Bu gibi sorunları, yasal kayıtlarında taşımak zorunda
kalan pek çok işletme için, 6111 sayılı yasa ile
getirilen bu imkanın bir çıkış yolu olarak gözüktüğü
belirtilmiş, devamında da yasanın uygulama biçiminin
teknik iflasa sebep olabileceği anlatılmaya
çalışılmıştı.
Ortaklardan olan alacaklarından vazgeçen şirketler için
o yazıda anlatılan teknik iflasın dışında bir sorun
yoktur.
Ancak vazgeçilen alacak ortağı olduğu bir şirkete ait
ise durum ortağı olduğu şirket adına başka bir sorun
oluşturabilecektir.
Bunun kaynağı da, 213 Sayılı Vergi Usul Kanunu’nun bir
maddesinde olan düzenlemedir.
Bu da Vergi Usul Kanunu’nun “Vazgeçilen Alacaklar”
başlıklı 324. maddesidir.
Bu maddede; Konkordato veya sulh yoluyla alınmasından
vazgeçilen alacaklar, borçlunun defterlerinde özel bir
karşılık hesabına alınacağı, bu hesabın muhteviyatı
alacaktan vazgeçildiği yılın sonundan başlayarak üç yıl
içinde zararla itfa edilmediği takdirde kar hesabına
naklolunacağı, hükme bağlanmıştır.
Bu tür alacaklar, alacaklı yönünden değersiz alacak,
borçlu yönünden ise bir hasılat veya kar hükmündedir.
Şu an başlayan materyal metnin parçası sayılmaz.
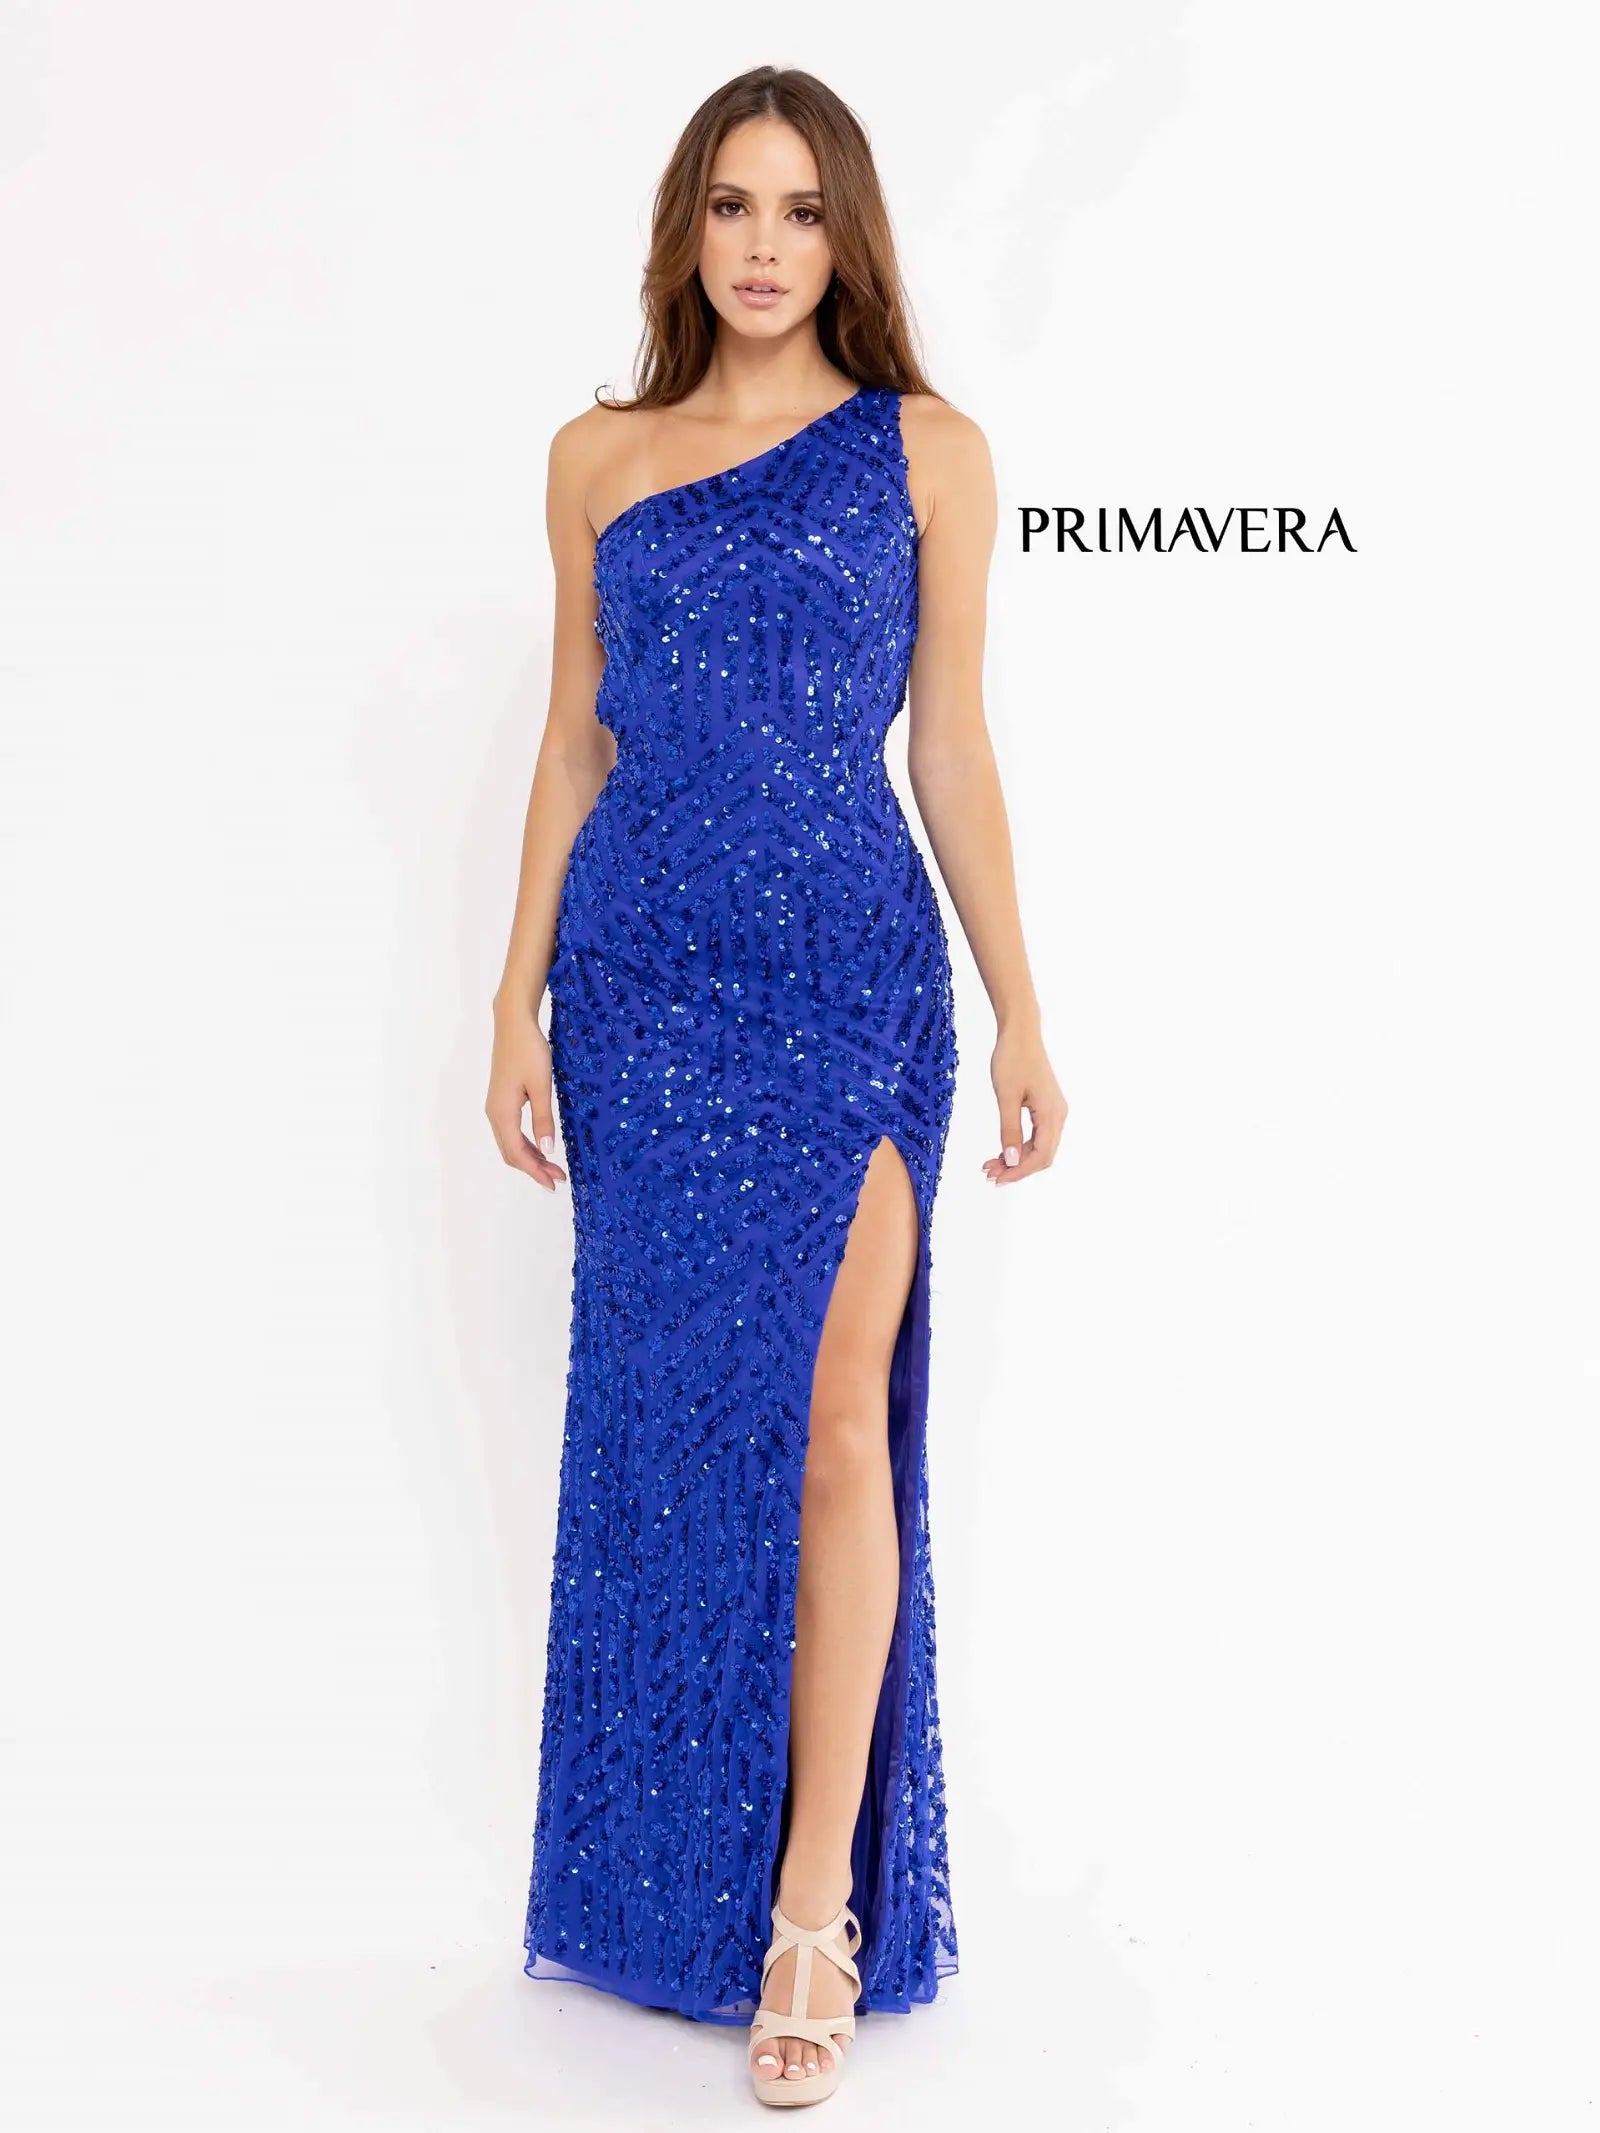 Primavera Couture 3951 Prom Dress Long Beaded Dress. This Gown has a beautiful one shoulder it has a gorgeous se design going down the dress.

Çünkü borçlar kaleminin vazgeçilen alacaklardan dolayı
azalması nedeniyle borçlunun öz sermayesi artmıştır.
Ancak borçlu tarafından elde edilen söz konusu karın
veya hasılatın, borçlunun mali durumunun esasen bozuk
olduğu kabul edilmiş olduğundan alacaktan vazgeçilen
yılda değil, daha sonraki yıllarda vergilendirilmesi
öngörülmüştür.
Türk Ticaret Kanunu (TTK), 75. madde hükmü gereği
borçlar, şarta bağlı veya vadeli olsa bile itibari
değeri üzerinden kayıtlara intikal ettirilecektir.
TTK'nun bu hükmünden vadeli borçlarda vadeye göre bir
indirim yapıldıktan sonra kaydedilmesi olanağının
bulunmadığı sonucu çıkarılabilir.
Sermaye Piyasası Kanunu’nda borçların, bilançoda
mukayyet değerleri ile gösterileceği hükme bağlanmıştır.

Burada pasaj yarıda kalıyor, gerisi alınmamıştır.